Source data
◇ ◇ ◇ ◇ ◇

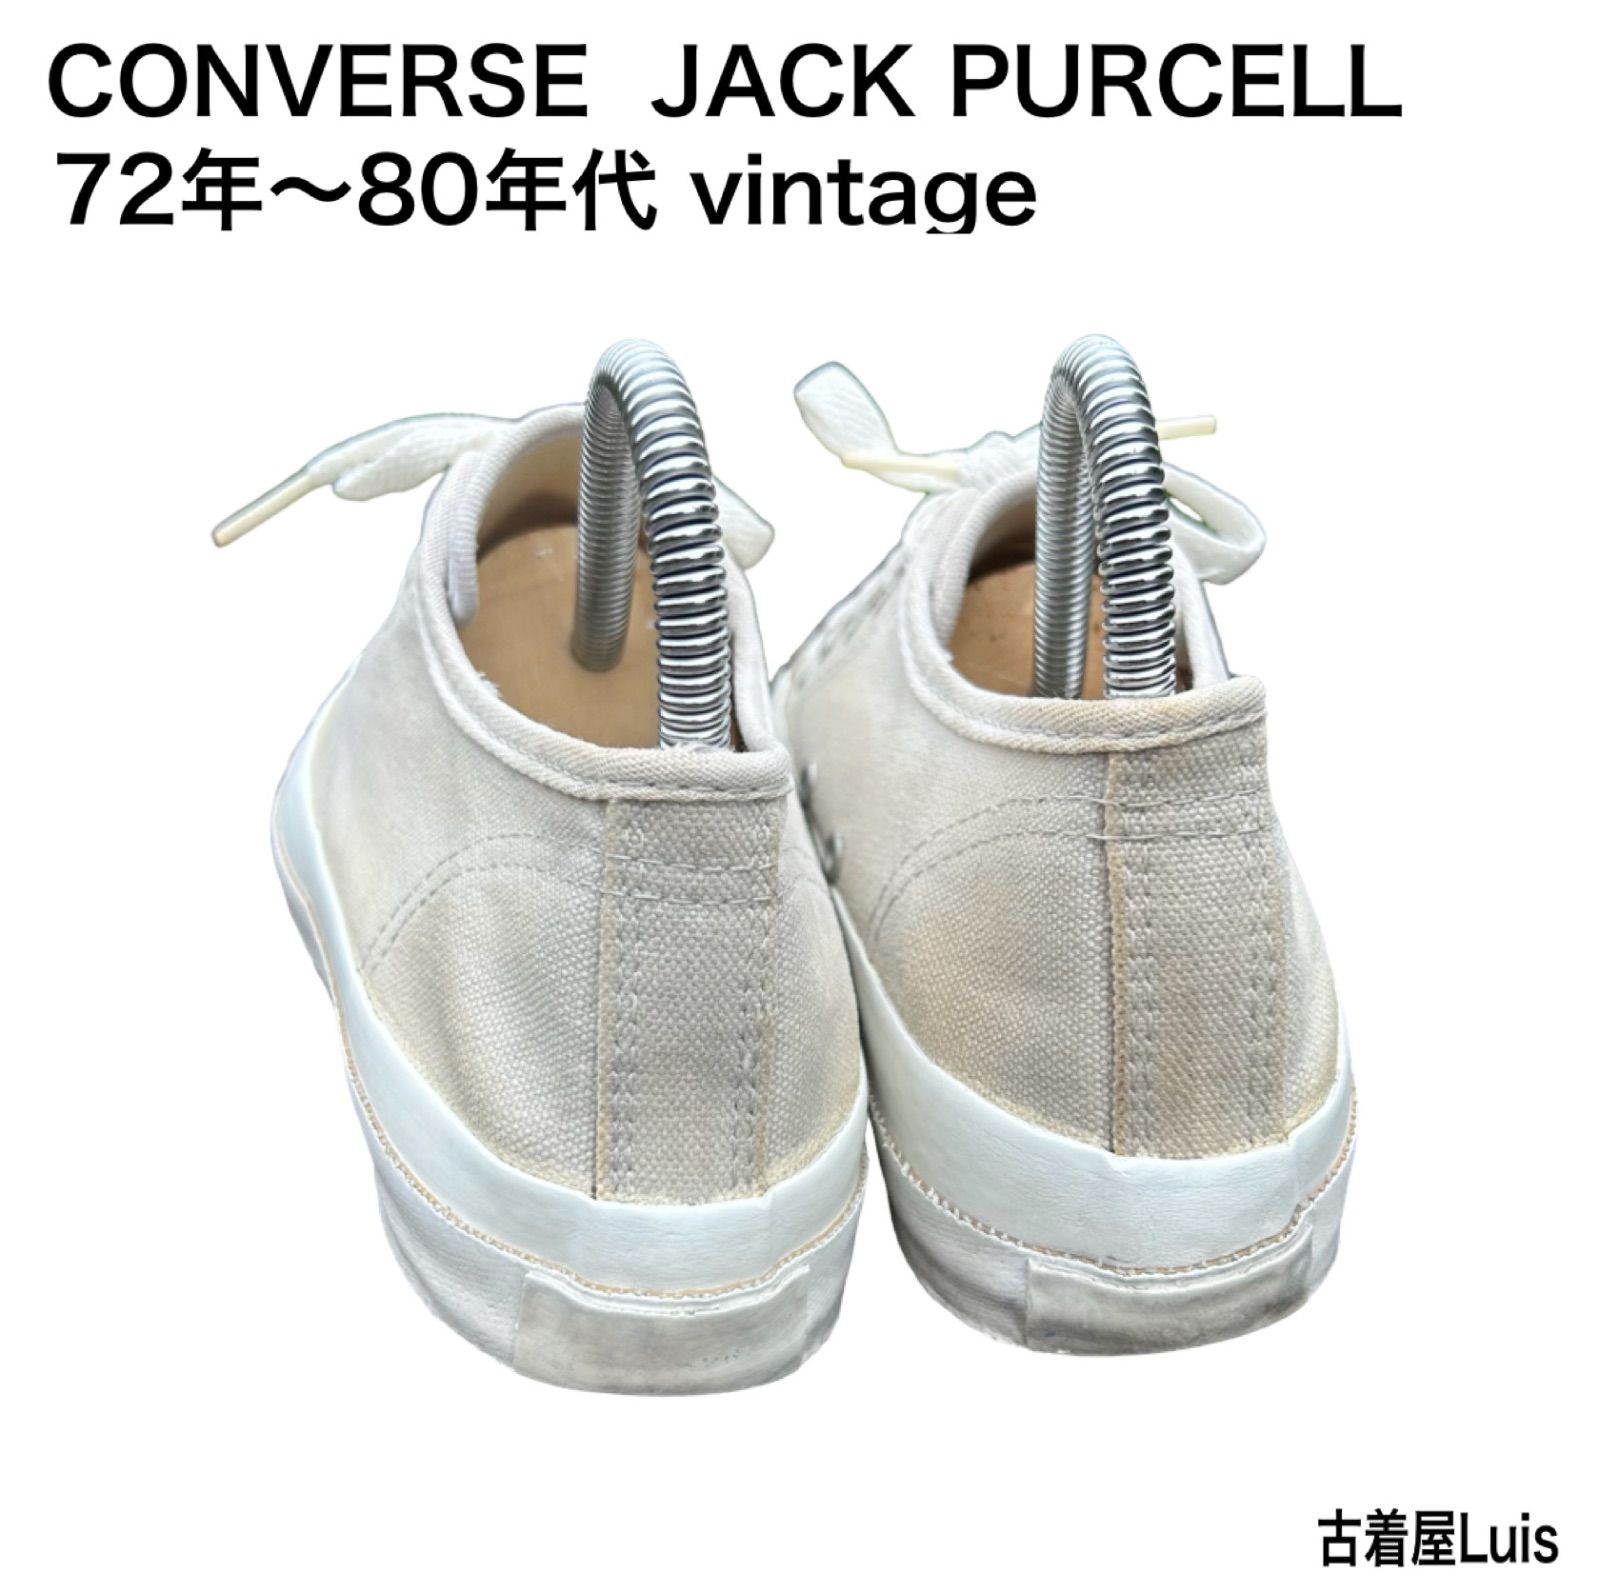 稀少 70s vintage USA製 コンバース JACK PURCELL ジャックパーセル
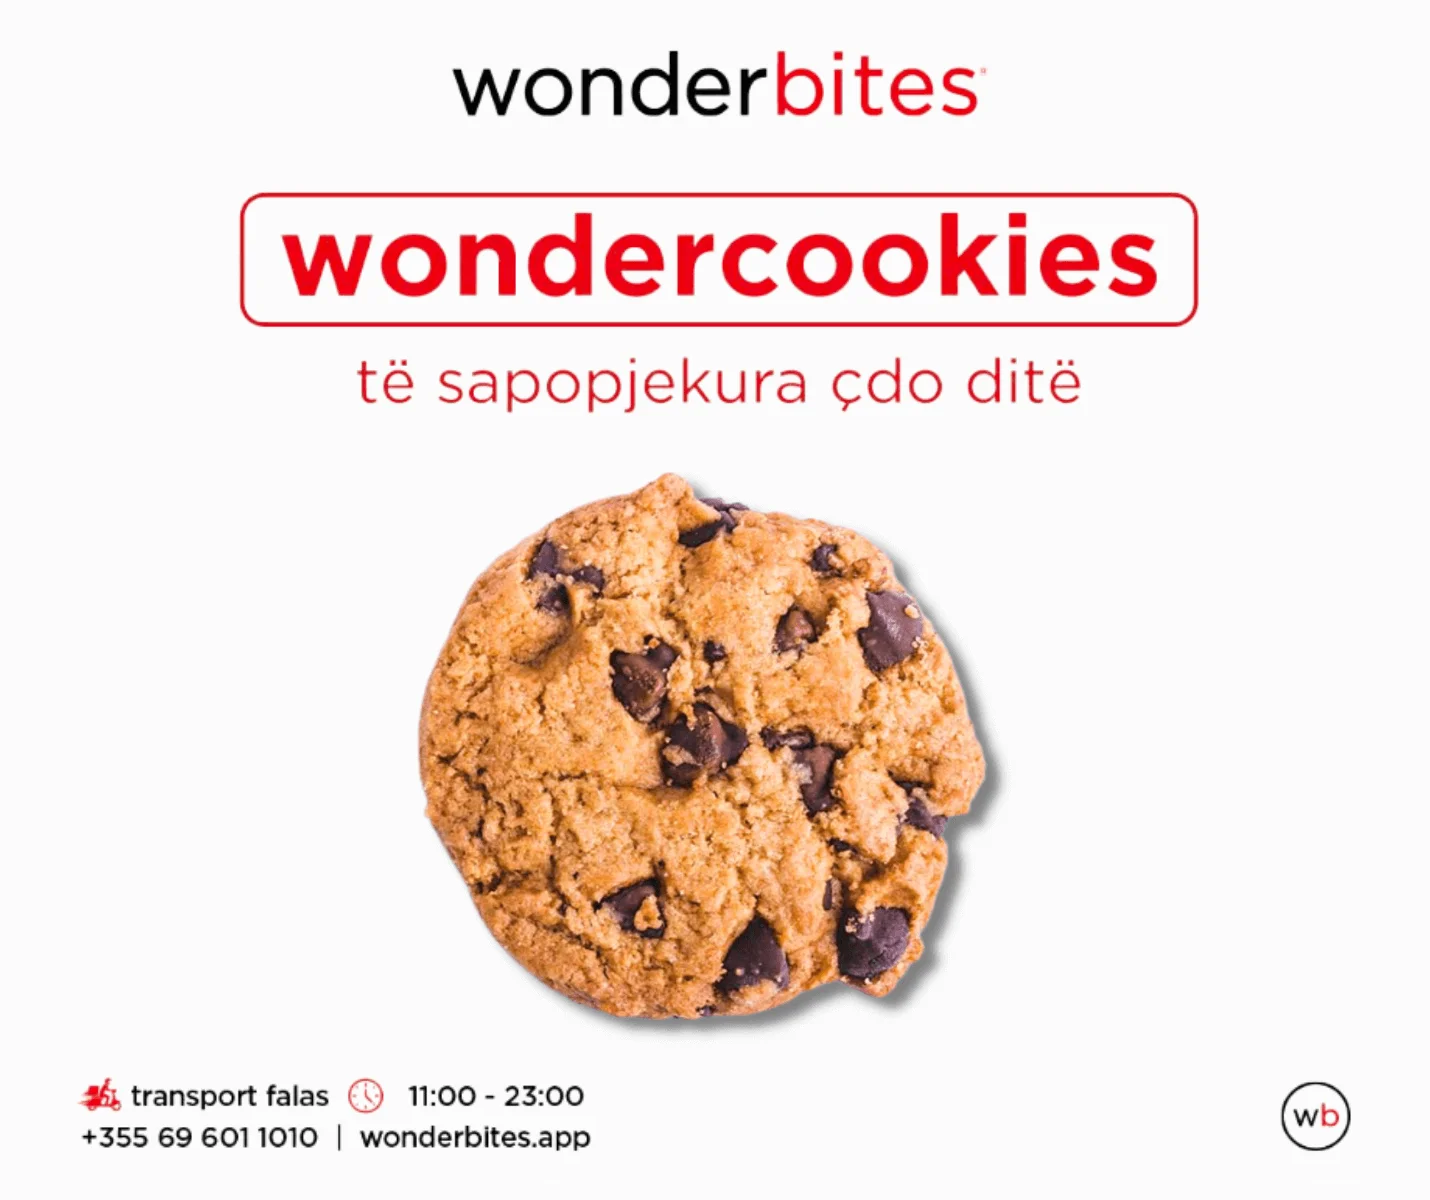 Wondercookies
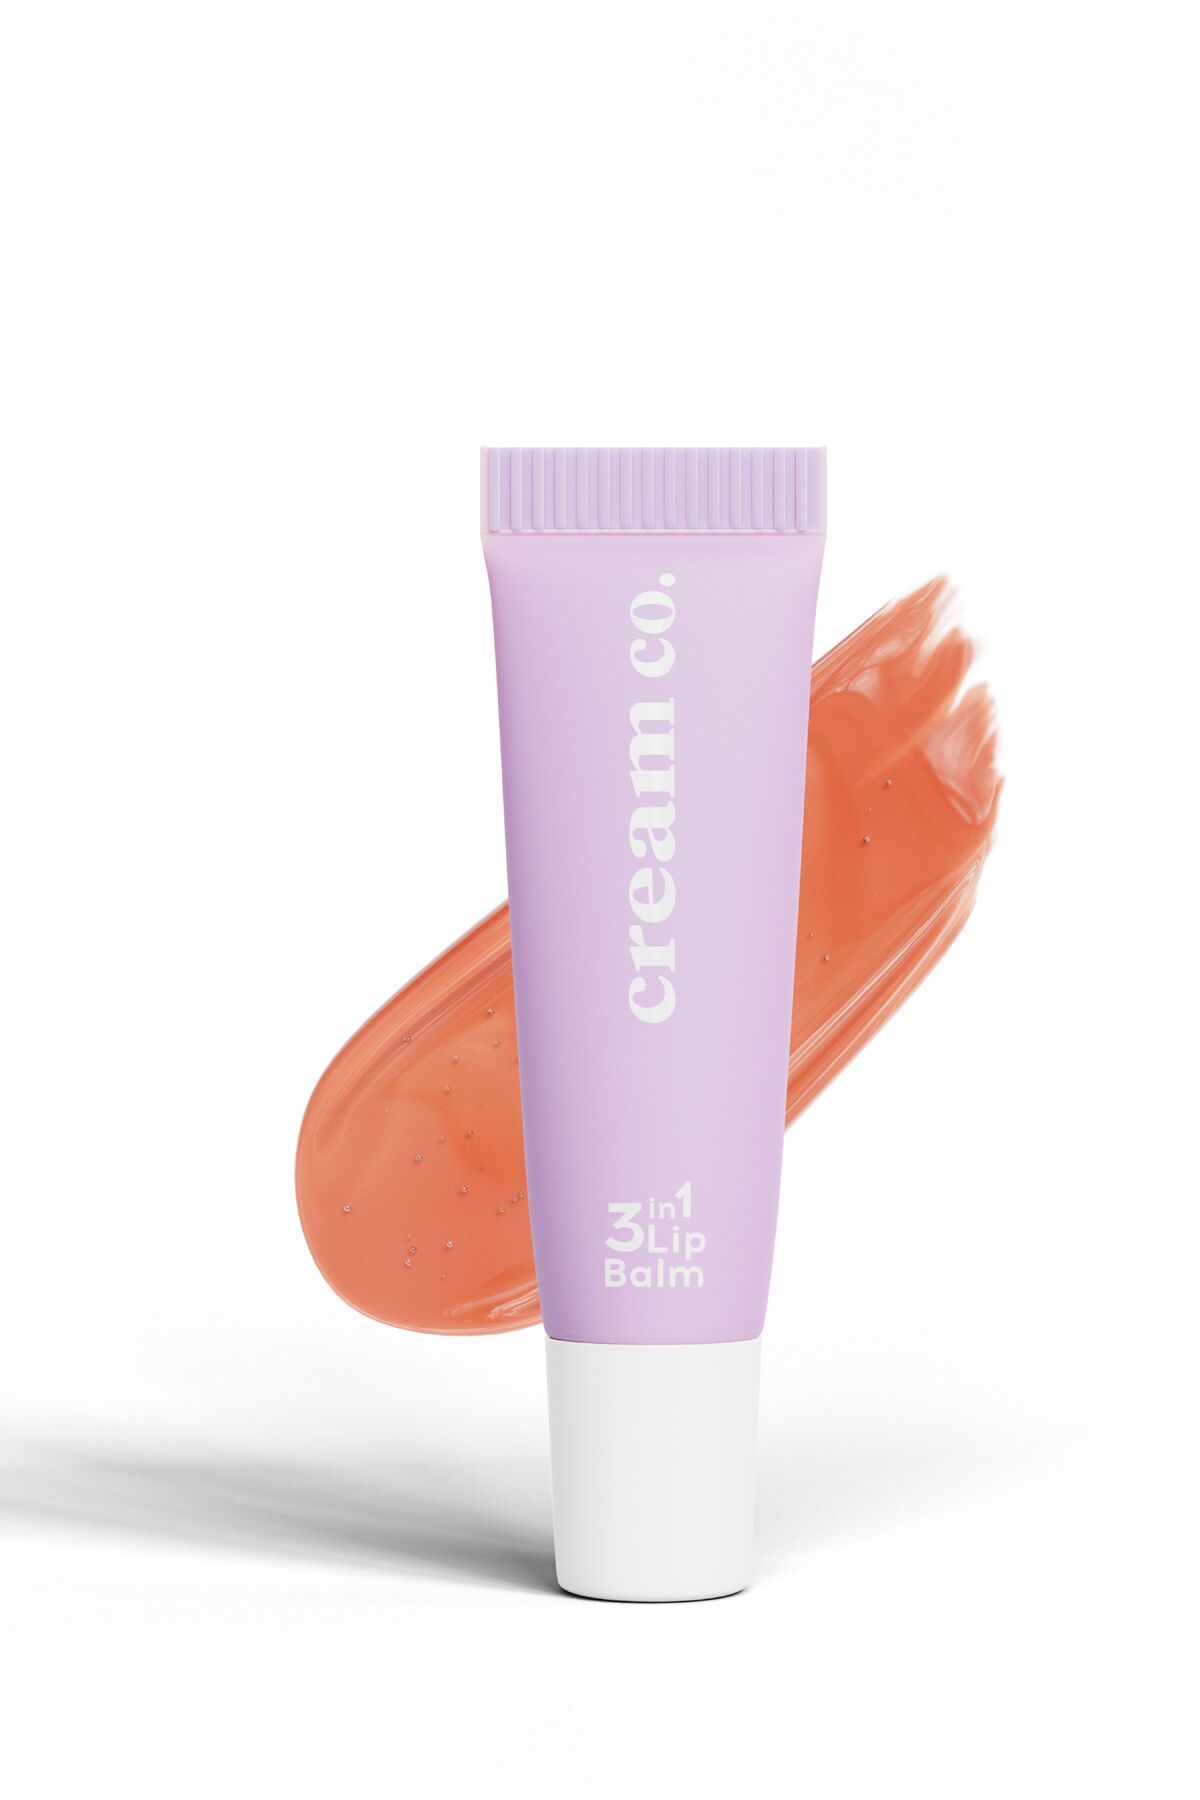 Cream Co. Onarıcı Besleyici Dudak Bakım Parlatıcı Nemlendirici Bej Renkli Kurabiye Aromalı 3in1 Lip Balm 403 CC403

◇ ◇ ◇ ◇ ◇

Work task
Please set down the whole listing exactly, apart from the pictures.

Exercise result
 稀少 70s vintage USA製 コンバース JACK PURCELL ジャックパーセル
 Wondercookies
 Cream Co. Onarıcı Besleyici Dudak Bakım Parlatıcı Nemlendirici Bej Renkli Kurabiye Aromalı 3in1 Lip Balm 403 CC403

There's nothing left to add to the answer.